* Dataset excerpt *
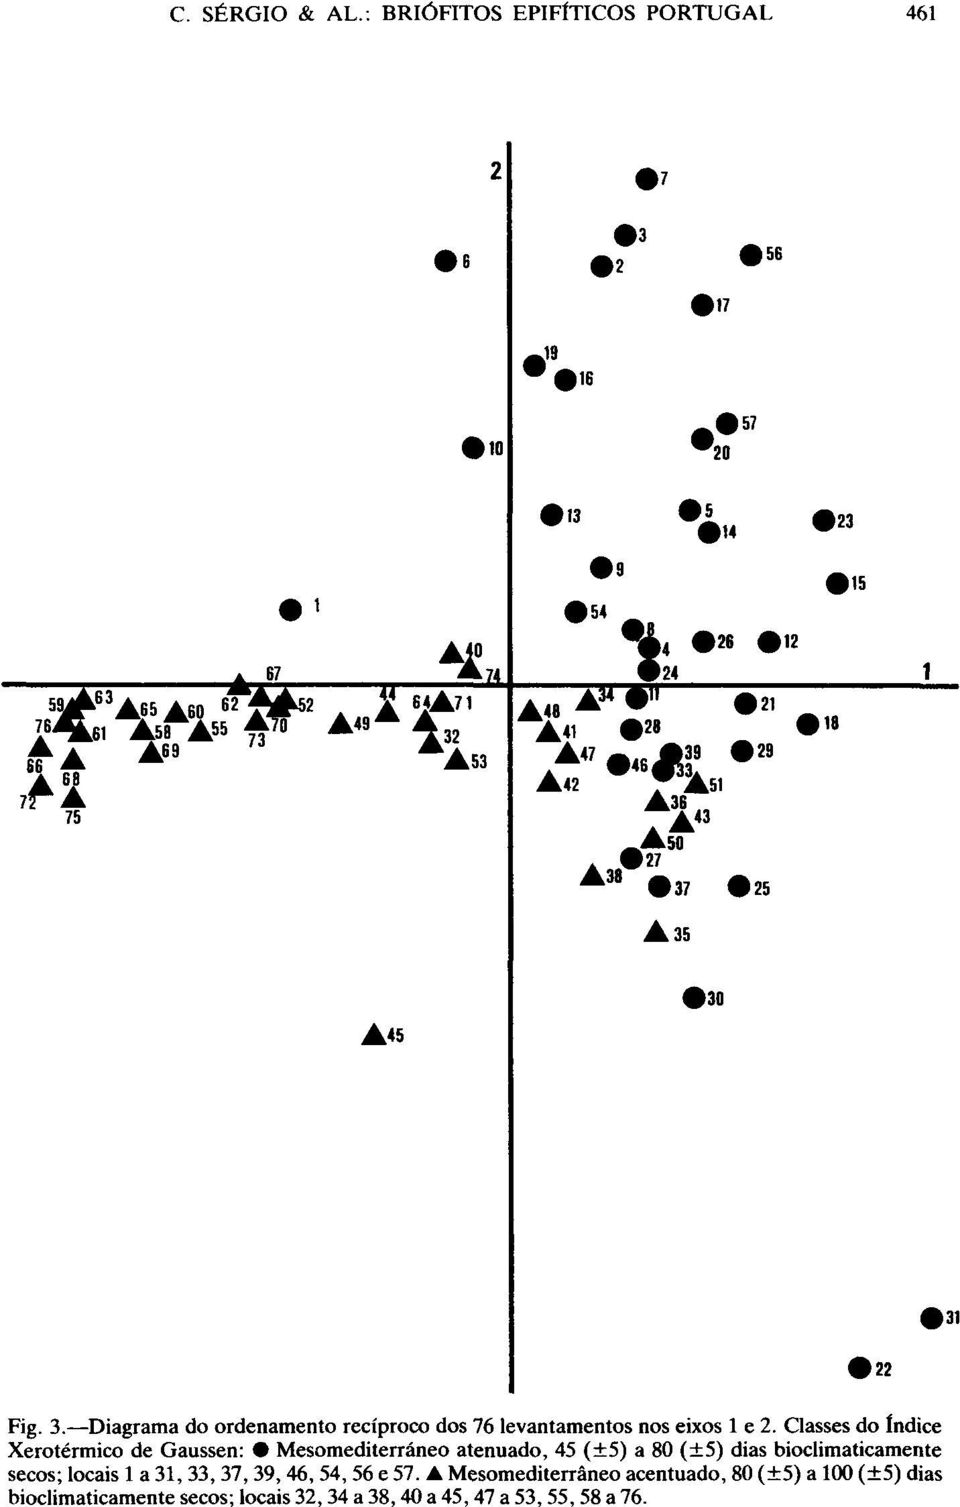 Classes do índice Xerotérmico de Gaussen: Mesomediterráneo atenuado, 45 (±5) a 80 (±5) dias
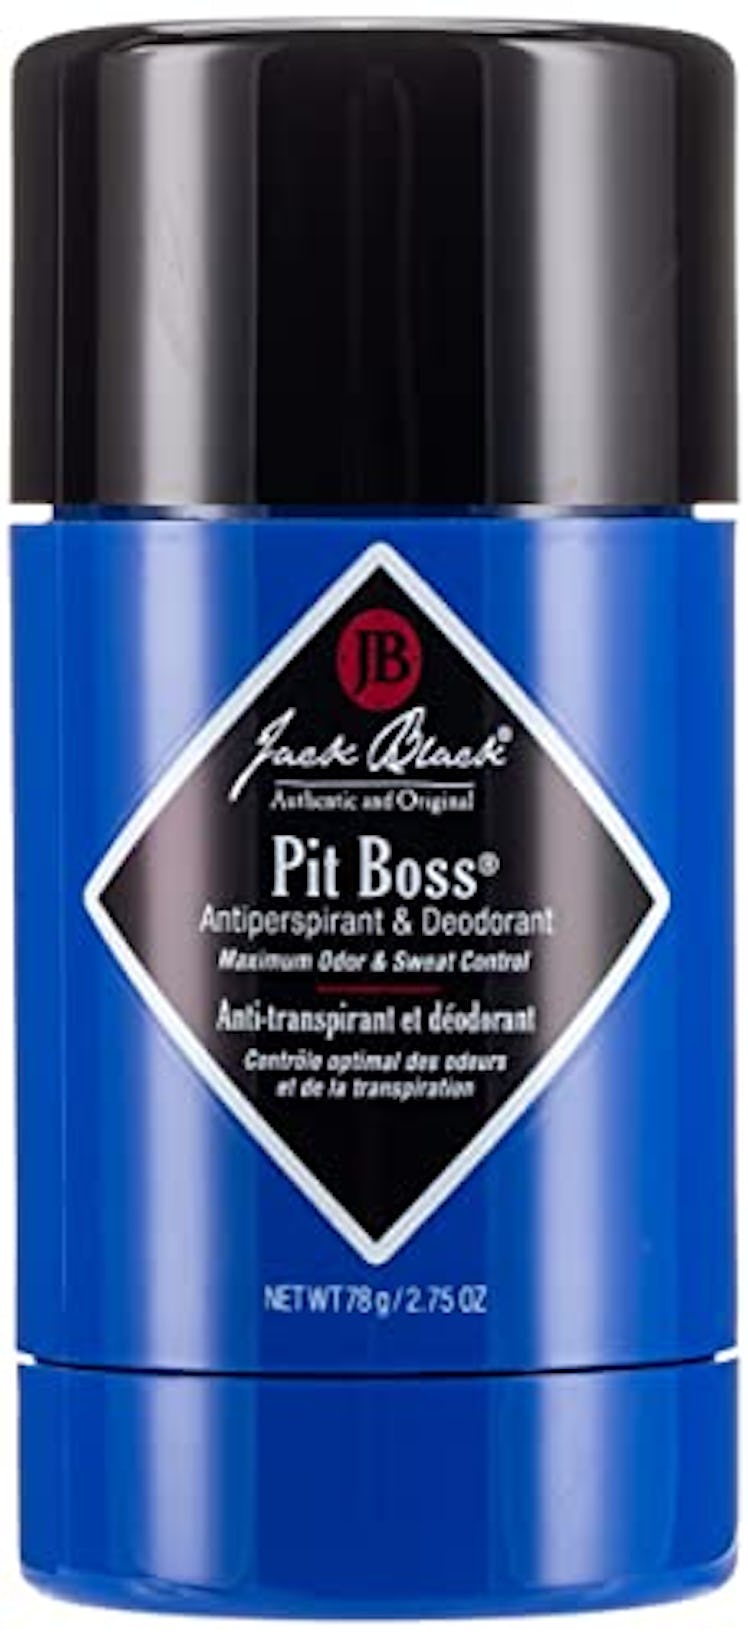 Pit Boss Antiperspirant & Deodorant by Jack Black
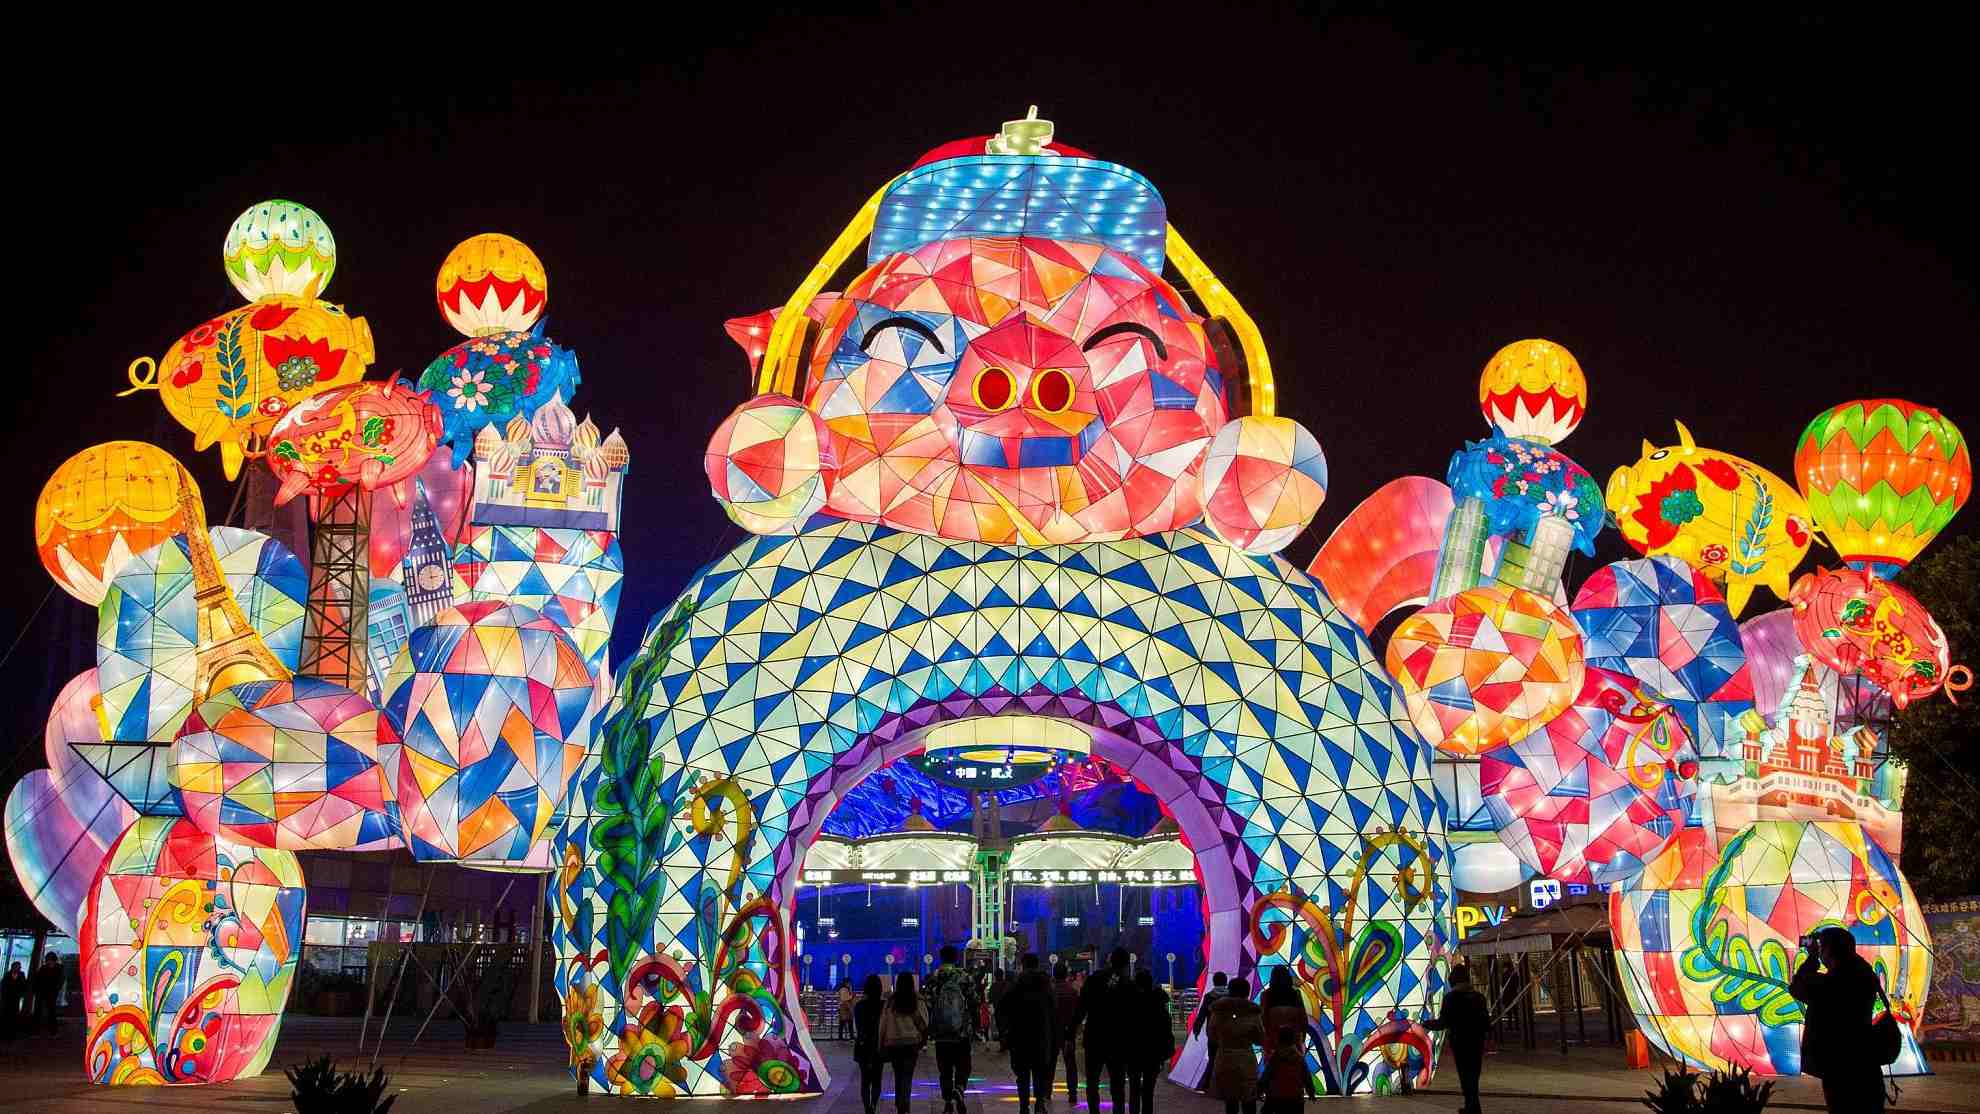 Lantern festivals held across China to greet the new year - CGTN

* Work to be completed *
Produce a verbatim copy of the listing, leaving out all pictures.

* Your solution *
 Classes do índice Xerotérmico de Gaussen: Mesomediterráneo atenuado, 45 (±5) a 80 (±5) dias
 Pit Boss Antiperspirant & Deodorant by Jack Black
 Lantern festivals held across China to greet the new year - CGTN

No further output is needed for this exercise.